Cameroon film industry has always been described as “the upcoming industry”, even though it has been existing since 1962. Today, it can be analyzed that Cameroonians make sufficient progress in the art of filmmaking. But there seems to be a huge stumbling block around the industry. Talking to one of the active filmmakers, we were able to get inside the Cameroon film Industry of today.
Azuhni Elvis is a Cameroonian filmmaker from Bambui. The 32-years old passionate actor, who is also a production manager has been in the Industry for over 5 years. During these years, Elvis has featured in more than 8 movies. some of the movies are Butterfly; Night Mares; Bed of Thorns; It’s Mine; Crossing the bar with the latest “Full Moon” still in the production process.
The Socio-political situation of the English part of Cameroon is a big concern today. Does this interfere with production? How does this affect creativity in the film industry?
Yes, the Anglophone crisis has been a stumbling block to the development of the industry today. Due to the crisis, the 2019 Cameroon International Film festival was canceled. This festival which started a few years back was an open door for our films. This is a huge problem in the industry because investors are scared to come in. This limits creativity.
Even with the present situation, filmmakers in Cameroon still produce against all odds. How do filmmakers manage the production in these crisis-based areas?
Creativity should not die completely. We try to avoid situations that will kill our productive spirit. As a result, we do more indoor movies. Thus, avoiding outdoors for fear of the unknown. Also, we try to minimize the cost of production as much as possible. So that we should not run out of our creative skills in this domain. Certainly, Cameroonians themselves are yet to fully appreciate homemade products with or without this crisis.
How did you find yourself into the Film Industry and how are you inspired?
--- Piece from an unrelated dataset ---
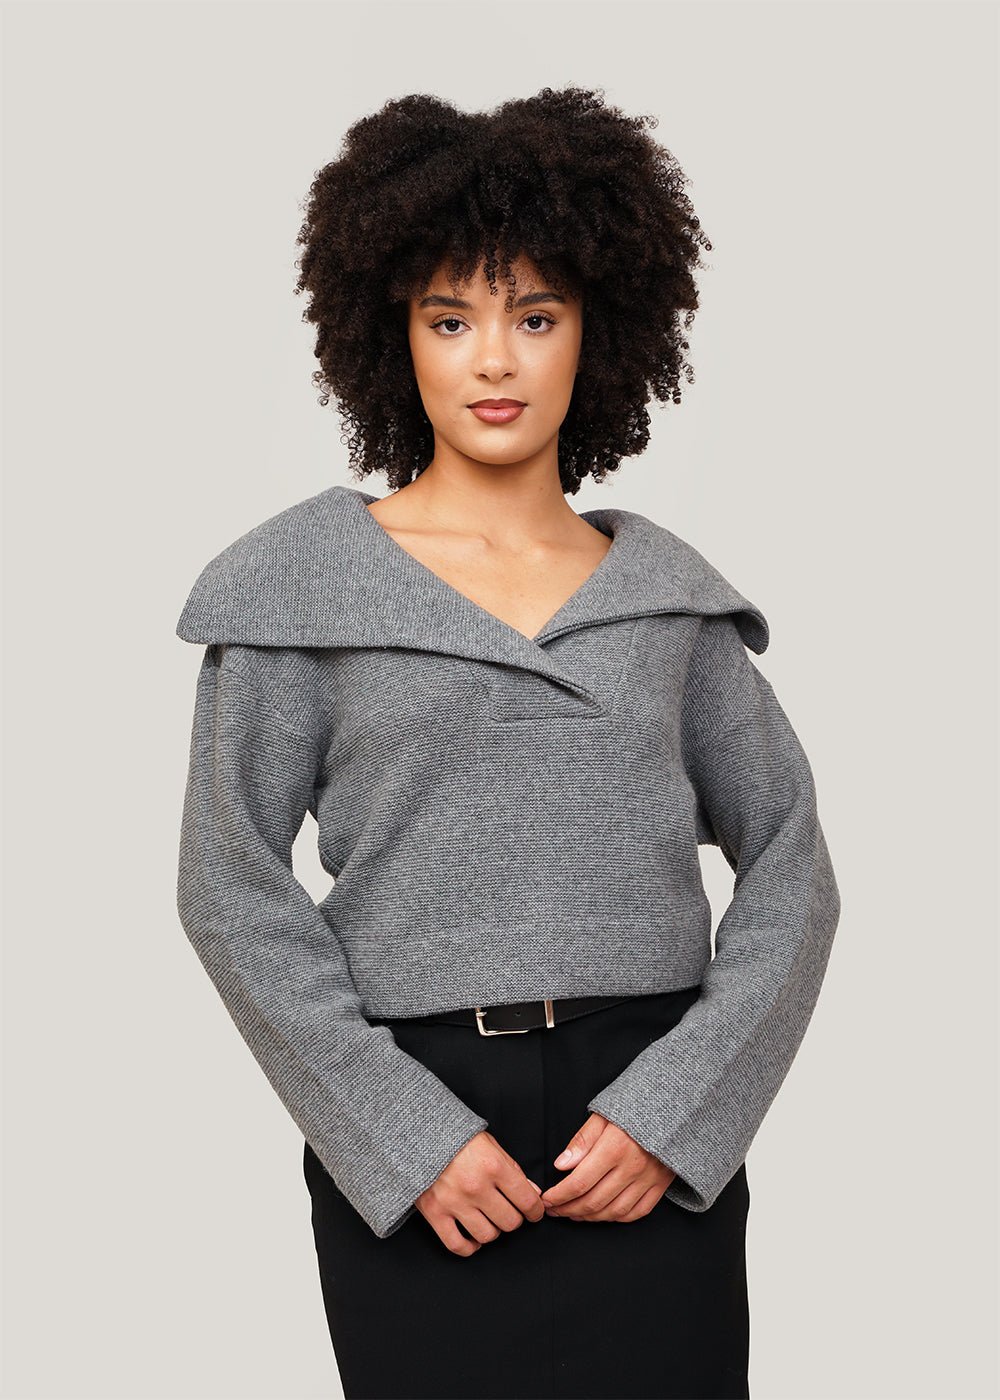 Beaufille Grey Botero Sweater - New Classics Studios Sustainable Ethical Fashion Canada

My God-given qualities. I am tall with an ebony looks. Also, I am a fluent speaker and athletically built too. These drew me closer to a renown filmmaker who offered me a minor role in his project. Hence I had the opportunity to join the industry. I am inspired by films and creative people.
What do you usually do out of the film industry to keep your creativity engine steaming?
Out of the film industry, I am in another interesting department. I am a secondary school teacher. This keeps me very busy and creative as well. Above all, meeting different students and transferring knowledge is what I enjoy doing, just like making films.
As an educator and aspiring full-time film producer, what advice can you give to your colleagues and aspiring filmmakers?
Generally, the industry needs much of our time, humility and commitments for its success. Despite the fact that we all were born with creative skills. As filmmakers, we still need persistent practice in other to become professionals or more professionals. For this reason, the crew members need each other’s back. While actors need mentoring and coaching. This will get the actor ready for the screen when the need be. In addition, workshops, seminars, and educative group participation will be beneficial to the filmmakers in general.